GIL: That’s interesting! No, I haven’t a clue about that! I’d never noticed the difference. It’s possible that when I delivered the painting the editors asked me to add that partial figure and later when the painting was returned to me I painted it out. But after 58 years I cannot remember!
Another thing I noticed about that one and other artwork you were doing for men’s adventure magazines is that it’s clearly your own style. A lot of the cover and interior illustrations other artists did for men’s adventure magazines the ‘50s and ‘60s had a very smooth, very realistic look. They were often sort of men’s adventure versions of Norman Rockwell realism. Your style was looser and more “arty,” more…
GIL: Painterly.
Yes. That’s the word. More painterly, less hyperrealistic, with more visible brushwork. It’s a very recognizable style.

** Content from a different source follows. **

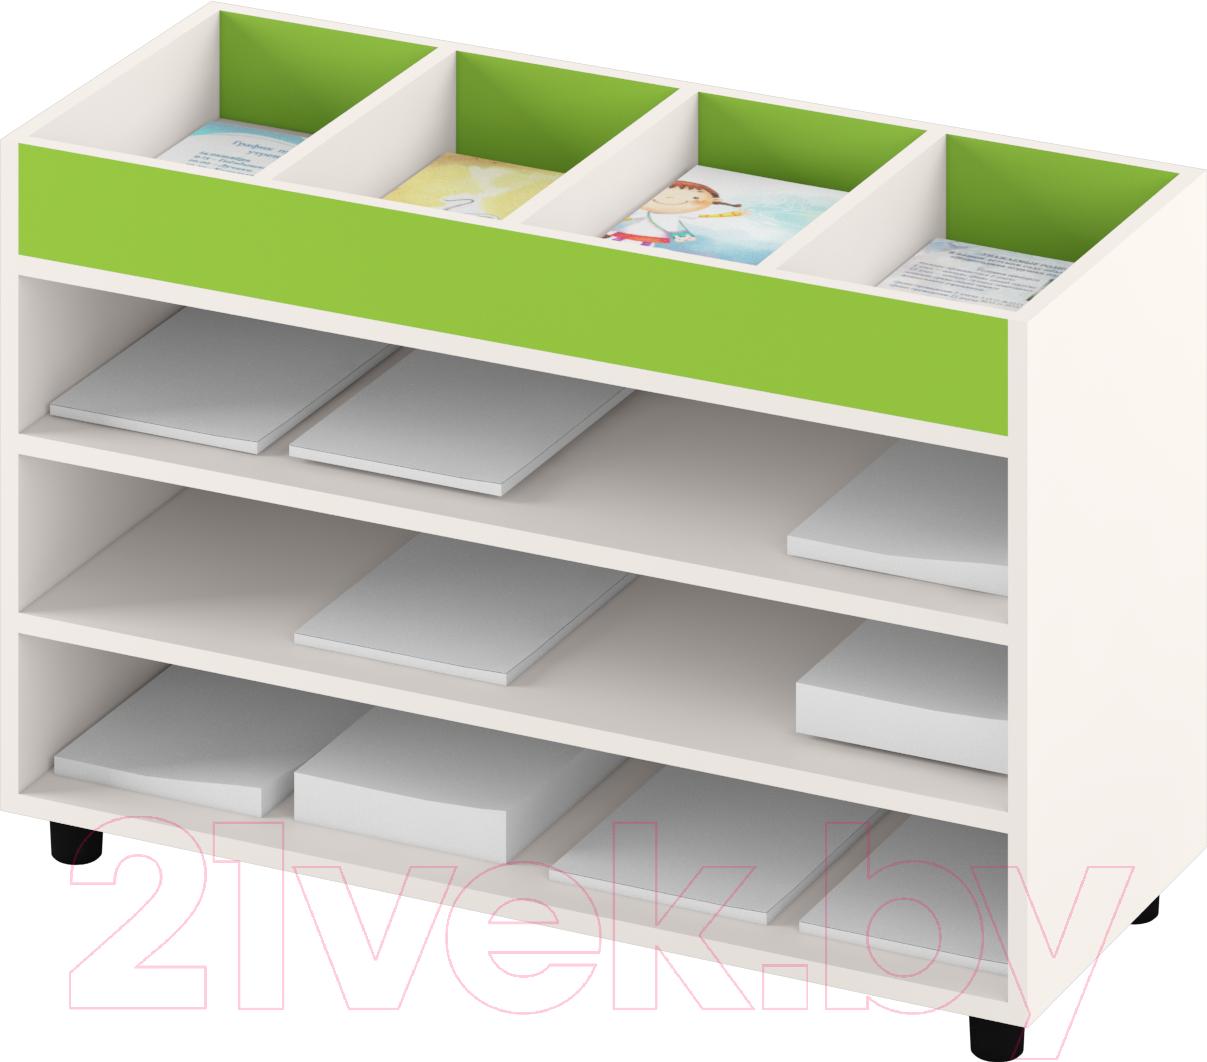 Купить Система хранения Славянская столица, ДУ-СМ5 (белый/зеленый), Беларусь

GIL: I appreciate that you recognize my style in those illustrations. In fact, regardless of the genre I did, and although my media and approach did change over time, I do have a recognizable style in my work. Not only in my painting technique, but also in composition. There’s a certain way I compose pictures. And, I think I still do it that way today, even in the aviation art I paint now. I always wanted to keep my work painterly, though sometimes, toward the end of my Mack Bolan period, some of those cover paintings got smoother. I use the word tighter. They got tighter. And that was fine for what was needed and popular at the time, so that was OK.

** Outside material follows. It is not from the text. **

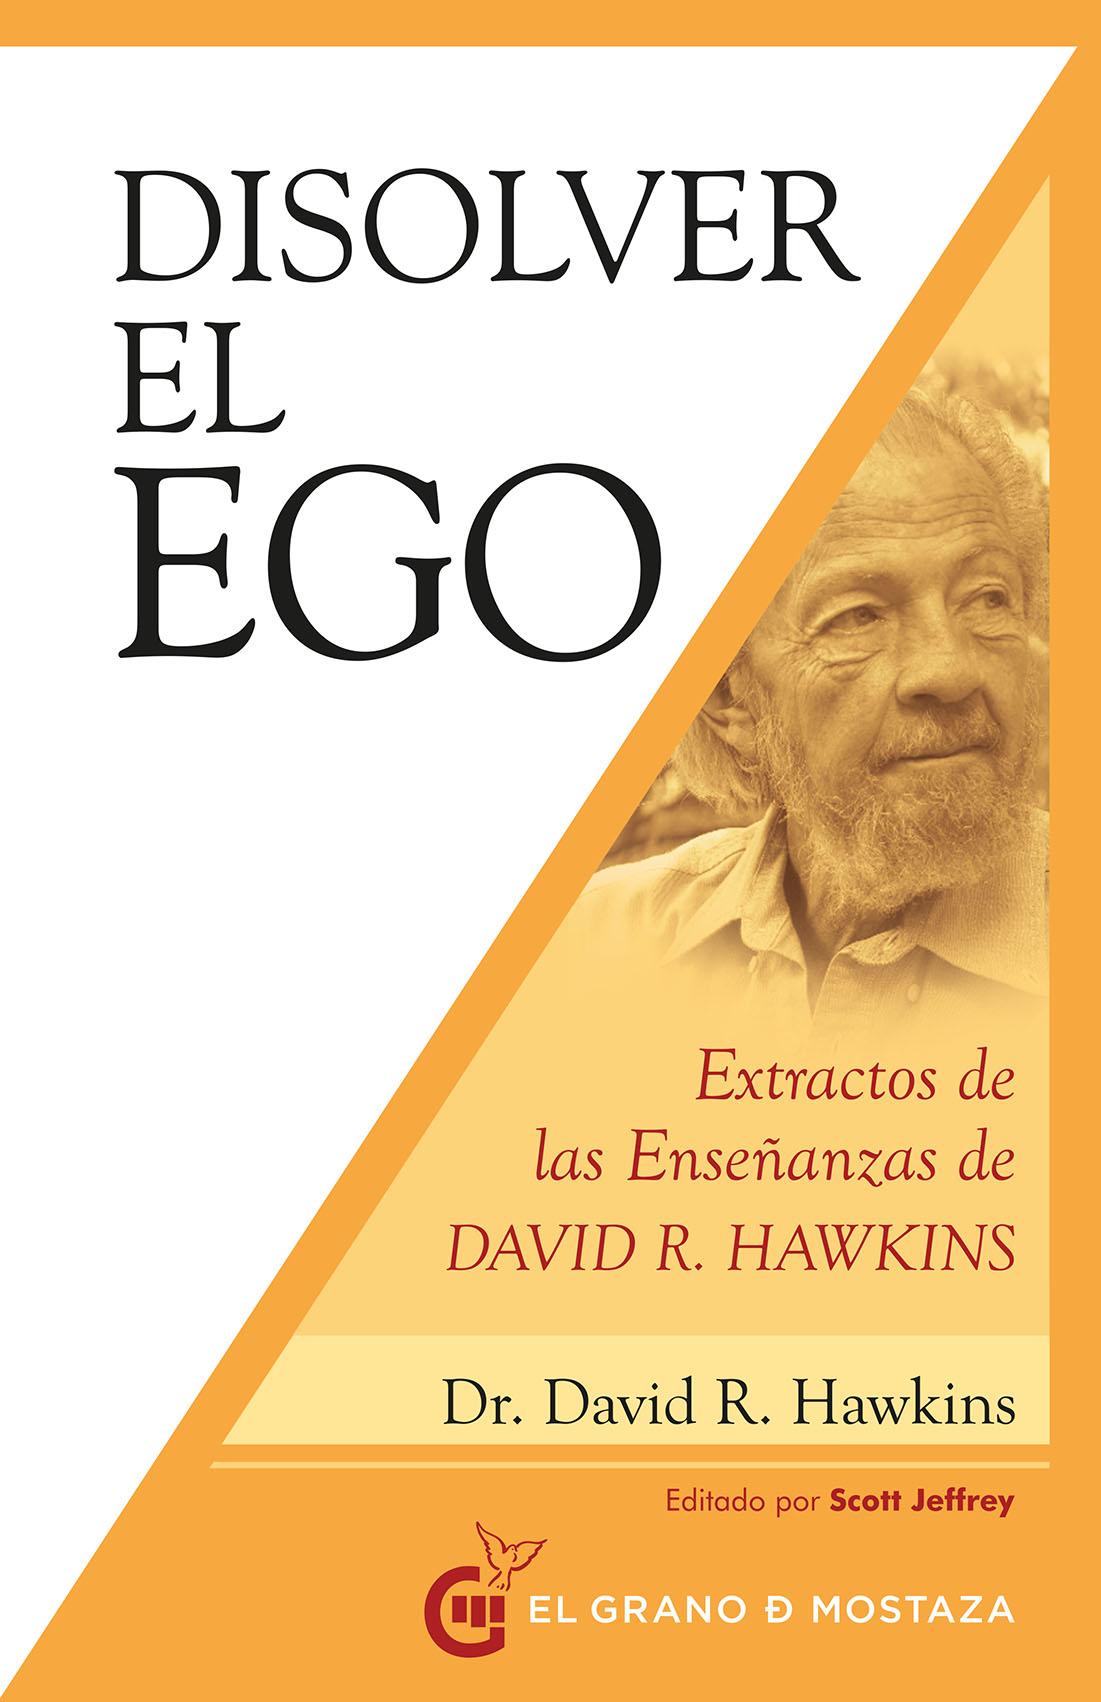 Portada-Disolver-el-Ego-David-R.-Hawkins

When I started doing aviation art for galleries and commissions years later, I wanted to get back to a more painterly style. So, I did, though I knew I couldn’t let it be too loose and painterly for an audience that likes paintings of planes and crews. That audience expects a certain amount of realism. But if you look at my original aviation artwork up close, you going to see a lot of brush strokes. If you back up a little bit, they begin to disappear. But when you get fairly close, you see the brush strokes and I don’t want to hide them. I don’t try to hide them. Because part of the energy that goes into my artwork is in those brush strokes. There’s an energy I want to see and be seen in those brush strokes. If I smooth them over too much, to me it dissipates the energy. I’m not talking about any other artist. I’m just talking about myself.
I think you were kind of on the cutting edge of a change that happened in MAM art in the early ‘60s. The ‘50s art was mostly Norman Rockwell style realism. In the 60s, more modern, more graphic arts like styles became common.
GIL: Yeah, I think so, though I wasn’t all that conscious of it at the time. It just evolved. But whatever I did from the time I became a professional artist, which really goes back to 1953, right up to today, I am a lucky person, Bob, in that, no one ever got terribly rich as an illustration artist, but I enjoyed most- of what I did.
That’s sounds like a definition of success, to me.
GIL: It may be. And, you know, in more recent years, in the age of the internet, I have found out that some of my work has affected people and their lives in some way. And, I think, “Wow, that’s OK. It really is.” I don’t know how long I’m going to be living. I sure feel healthy now. More so than most 86-year-olds I think. And, I’ve enjoyed what I did. So, I’m lucky.